Haridas Namitha Thalekkara, Sanchez-Bornot Jose M, McClean Paula L, Wong-Lin KongFatt
Intelligent Systems Research Centre, School of Computing, Engineering and Intelligent Systems Ulster University, Magee campus Derry∼Londonderry Northern Ireland UK.
Personalised Medicine Centre, School of Medicine Ulster University, Magee campus Derry∼Londonderry Northern Ireland UK.
Healthc Technol Lett. 2024 Sep 15;11(6):452-460. doi: 10.1049/htl2.12091. eCollection 2024 Dec.
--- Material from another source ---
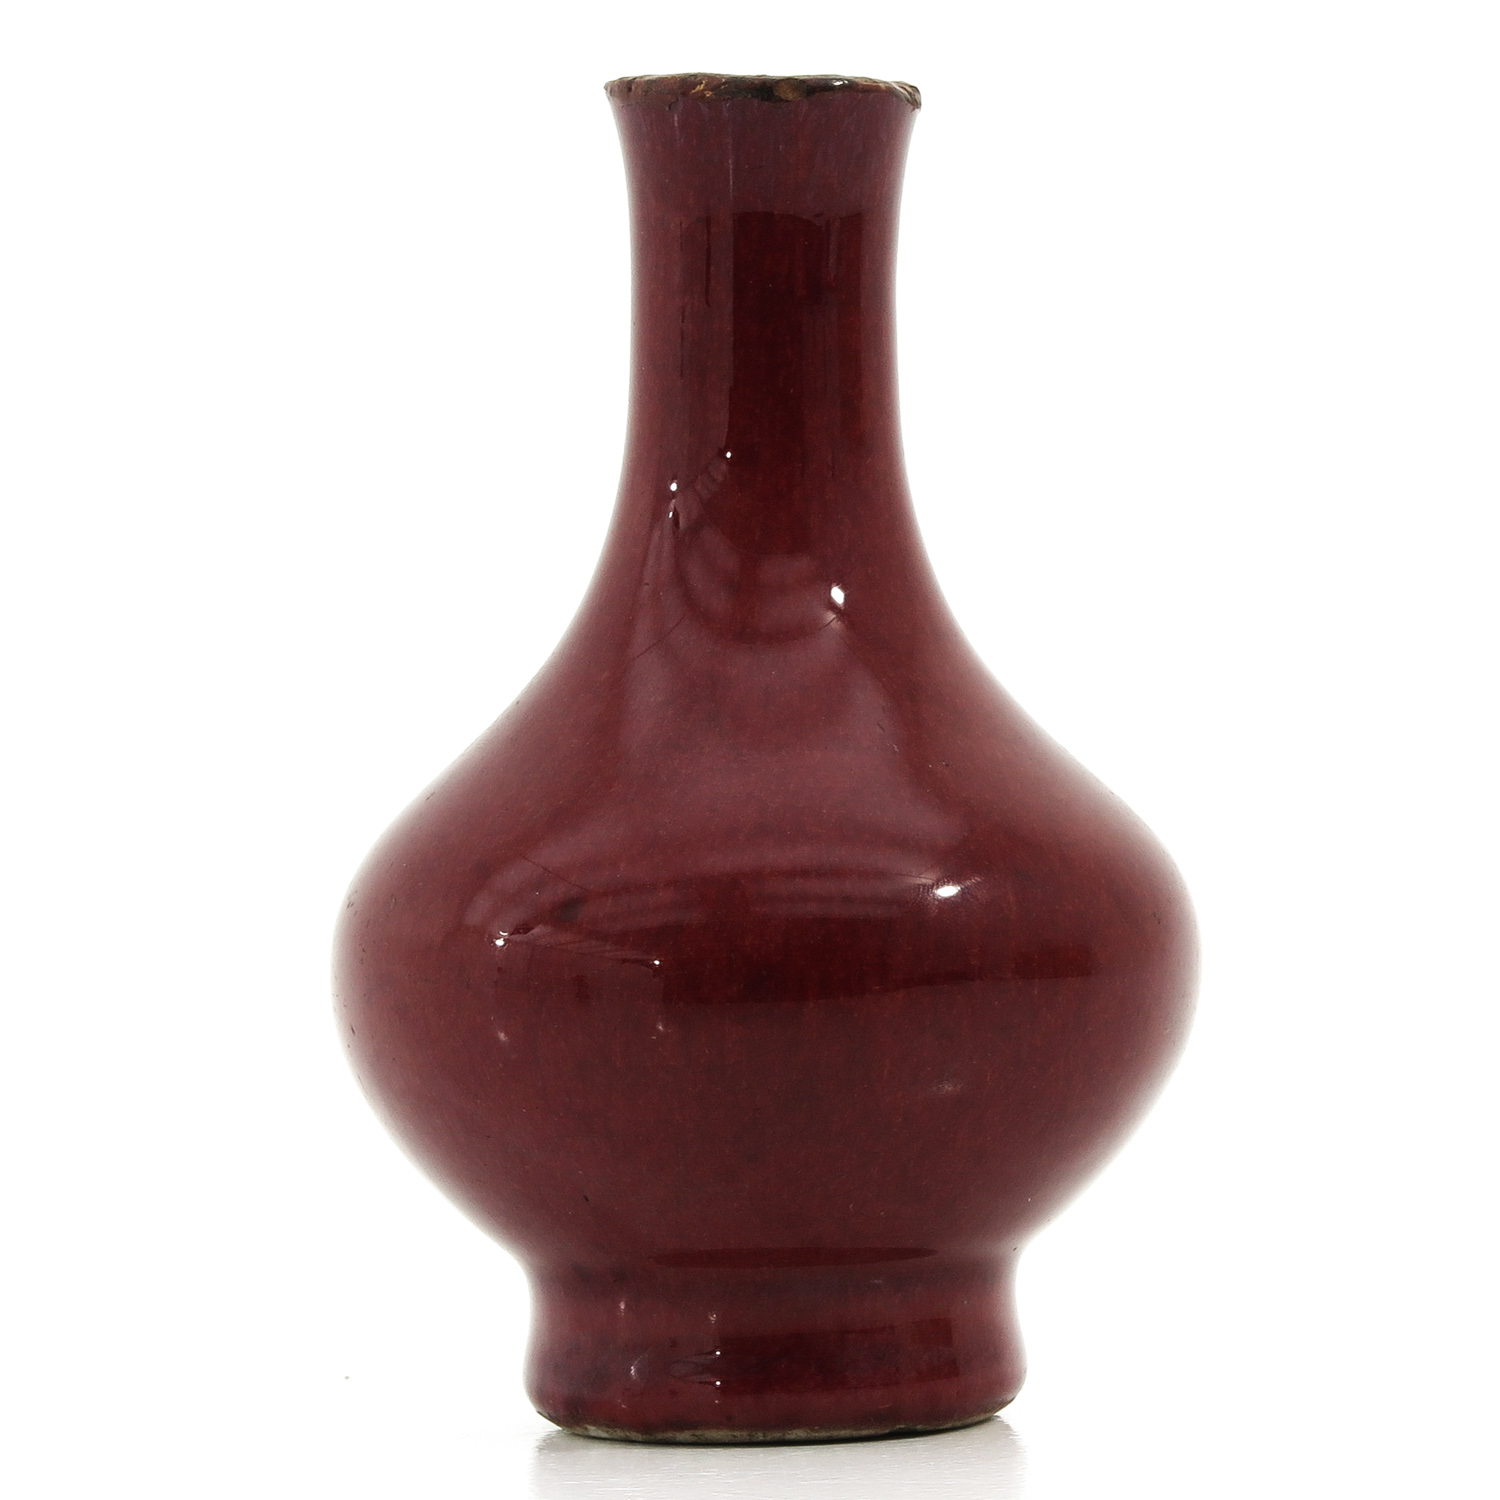 A Small Sang de Boeuf Vase - Image 4 of 9

Missing Alzheimer's disease (AD) data is prevalent and poses significant challenges for AD diagnosis. Previous studies have explored various data imputation approaches on AD data, but the systematic evaluation of deep learning algorithms for imputing heterogeneous and comprehensive AD data is limited. This study investigates the efficacy of denoising autoencoder-based imputation of missing key features of heterogeneous data that comprised tau-PET, MRI, cognitive and functional assessments, genotype, sociodemographic, and medical history. The authors focused on extreme (≥40%) missing at random of key features which depend on AD progression; identified as the history of a mother having AD, APoE ε4 alleles, and clinical dementia rating. Along with features selected using traditional feature selection methods, latent features extracted from the denoising autoencoder are incorporated for subsequent classification. Using random forest classification with 10-fold cross-validation, robust AD predictive performance of imputed datasets (accuracy: 79%-85%; precision: 71%-85%) across missingness levels, and high recall values with 40% missingness are found. Further, the feature-selected dataset using feature selection methods, including autoencoder, demonstrated higher classification score than that of the original complete dataset. These results highlight the effectiveness and robustness of autoencoder in imputing crucial information for reliable AD prediction in AI-based clinical decision support systems.
阿尔茨海默病(AD)数据缺失的情况很普遍,给AD诊断带来了重大挑战。以往的研究已经探索了针对AD数据的各种数据插补方法,但对用于插补异质且全面的AD数据的深度学习算法的系统评估有限。本研究调查了基于去噪自编码器插补异质数据关键缺失特征的有效性,这些数据包括tau-PET、MRI、认知和功能评估、基因型、社会人口统计学和病史。作者关注的是与AD进展相关的关键特征随机出现的极端(≥40%)缺失情况;这些特征被确定为母亲患有AD的病史、APoE ε4等位基因和临床痴呆评定量表。除了使用传统特征选择方法选择的特征外,还将从去噪自编码器中提取的潜在特征纳入后续分类。通过使用具有10折交叉验证的随机森林分类,发现插补数据集在不同缺失水平上具有稳健的AD预测性能(准确率:79%-85%;精确率:71%-85%),并且在缺失率为40%时具有较高的召回值。此外,使用包括自编码器在内的特征选择方法选择的特征数据集,其分类得分高于原始完整数据集。这些结果突出了自编码器在为基于人工智能的临床决策支持系统中可靠的AD预测插补关键信息方面的有效性和稳健性。